─── COLLECTED MATERIAL

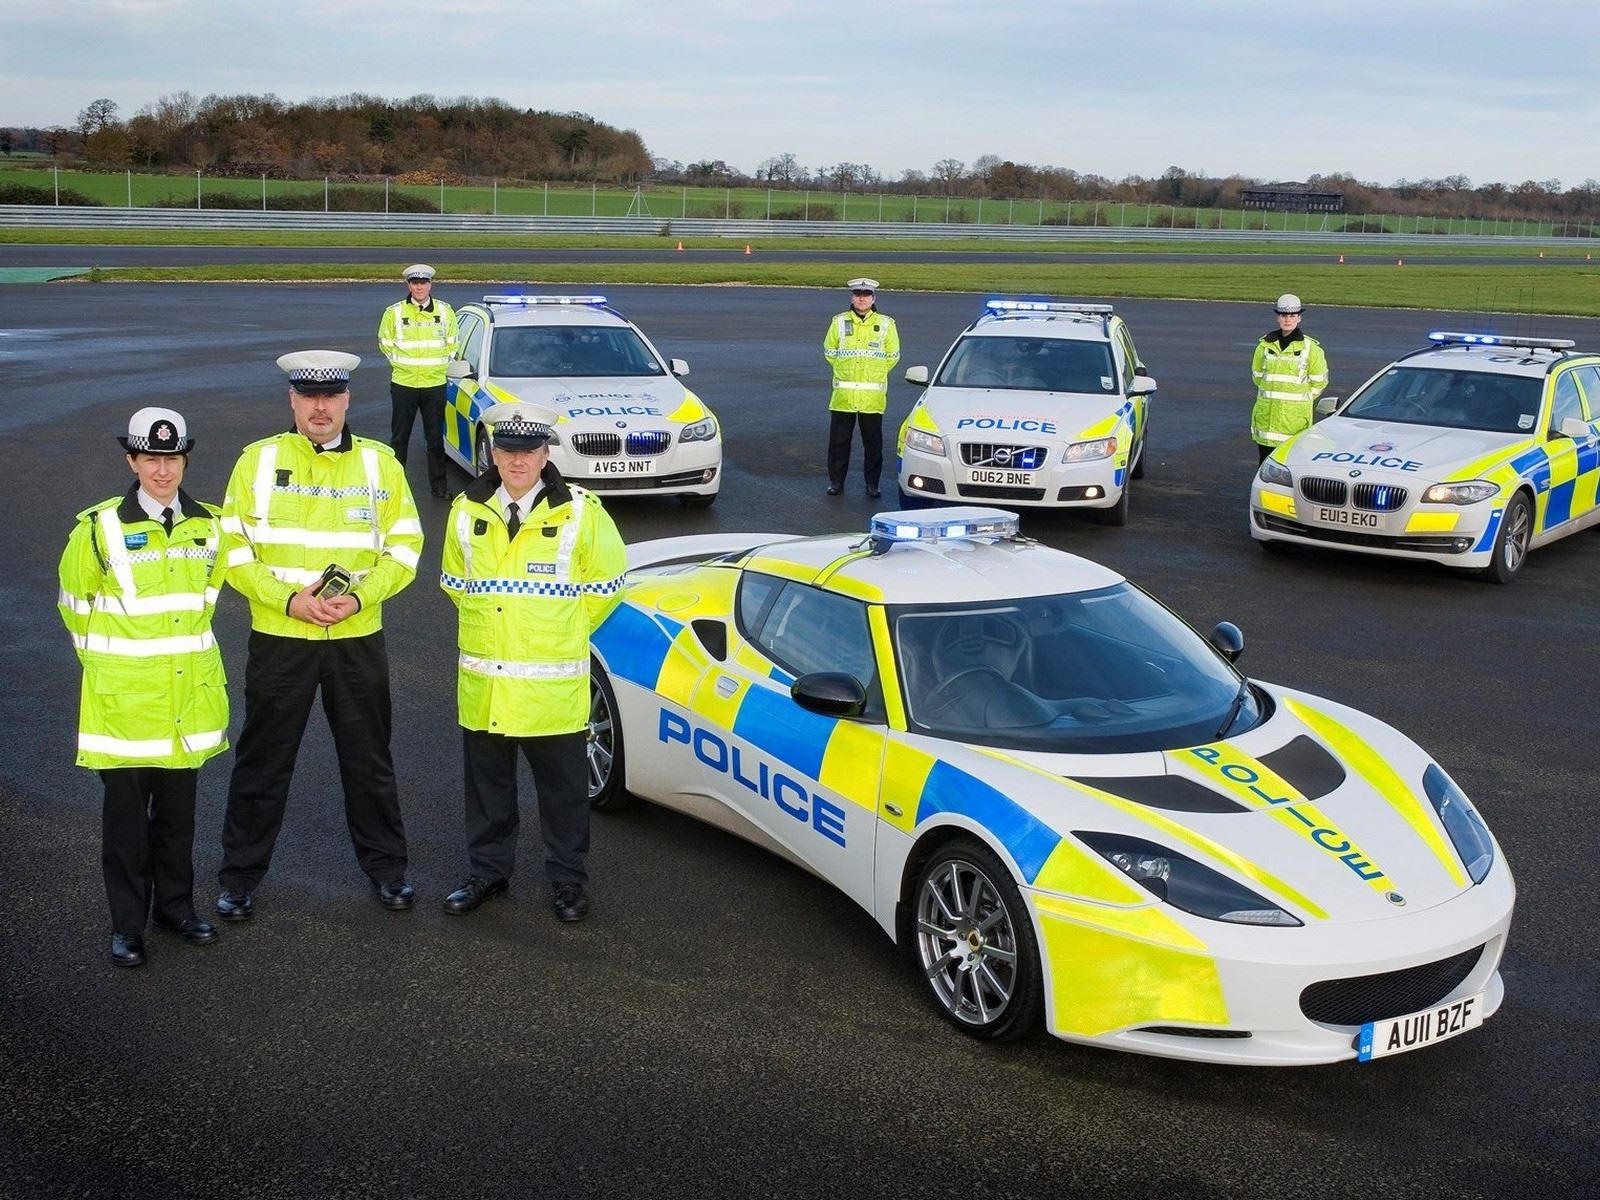 "بالصور" أكثر 10 سيارات شرطة تميزا حول العالم 46
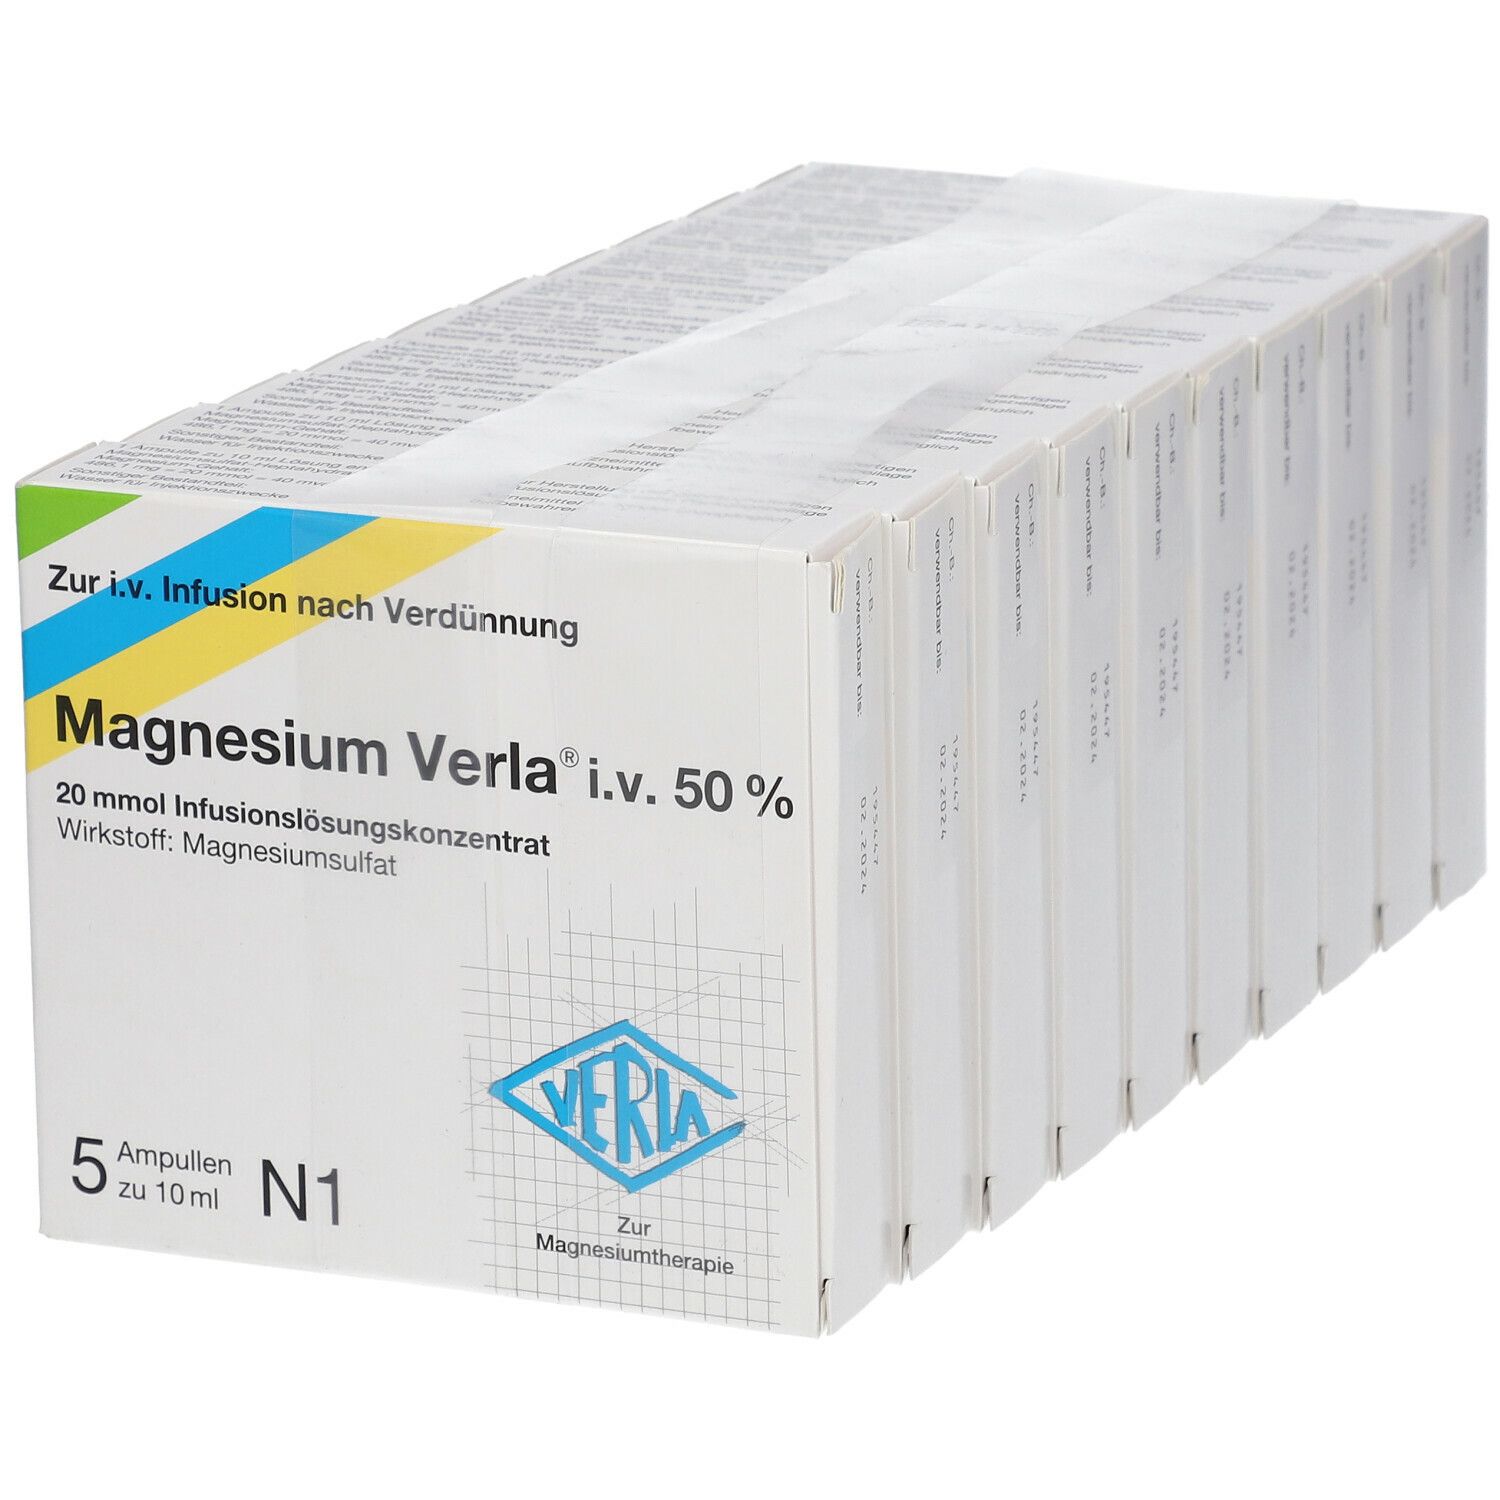 Magnesium Verla® i.v. 50% Infus.-Lsg.
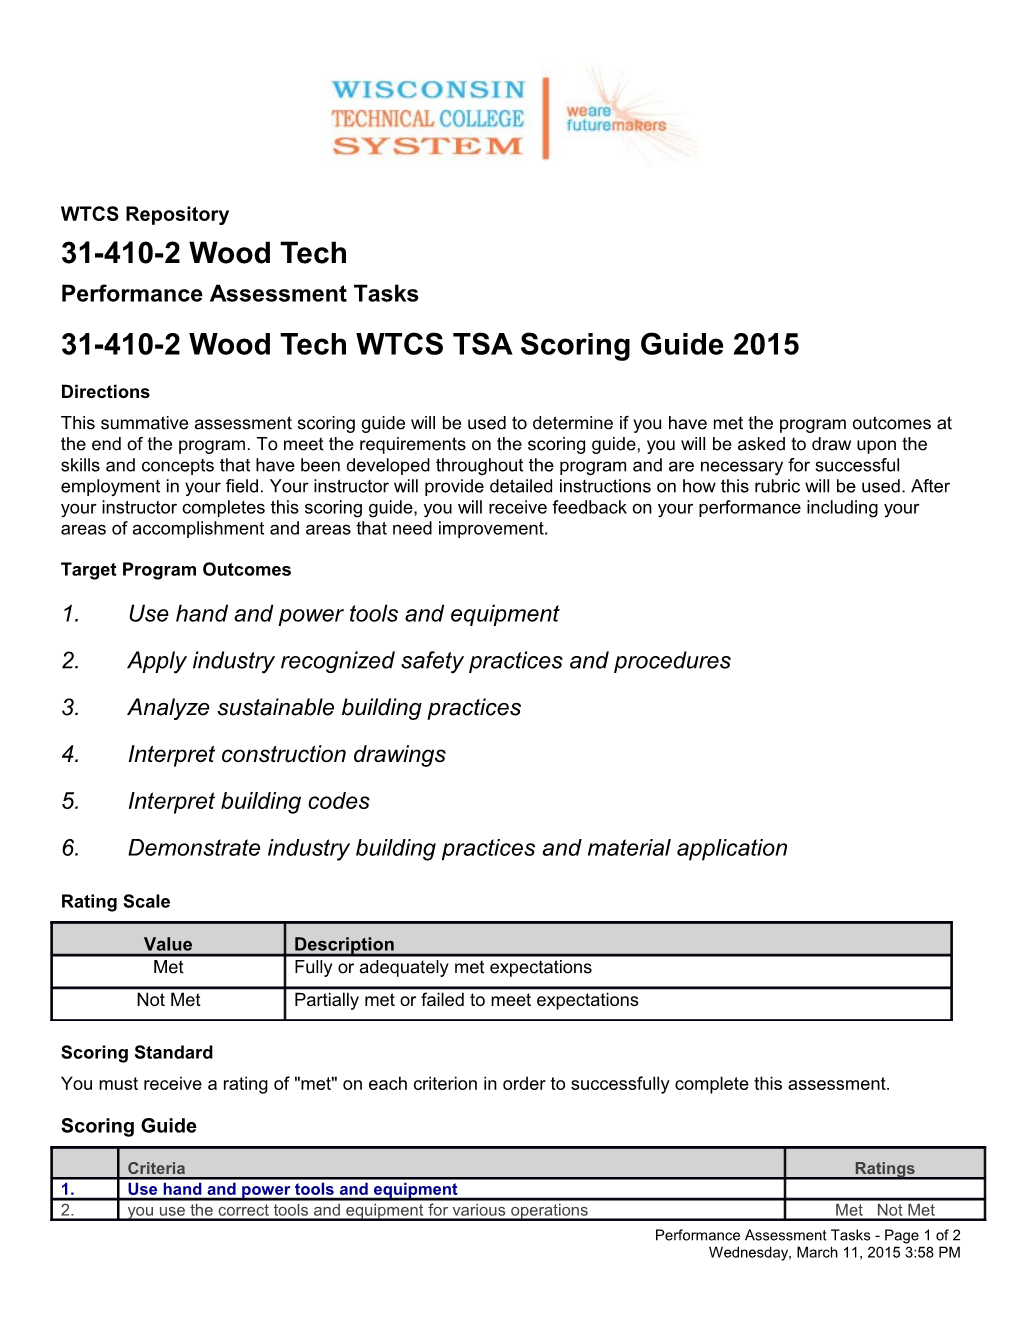 31-410-2 Wood Tech WTCS TSA Scoring Guide 2015

──────

DESCRIPTION OF THE TASK: All of the listing above must be output exactly, except for its pictures.

EXERCISE OUTPUT:
 "بالصور" أكثر 10 سيارات شرطة تميزا حول العالم 46
 Magnesium Verla® i.v. 50% Infus.-Lsg.
 31-410-2 Wood Tech WTCS TSA Scoring Guide 2015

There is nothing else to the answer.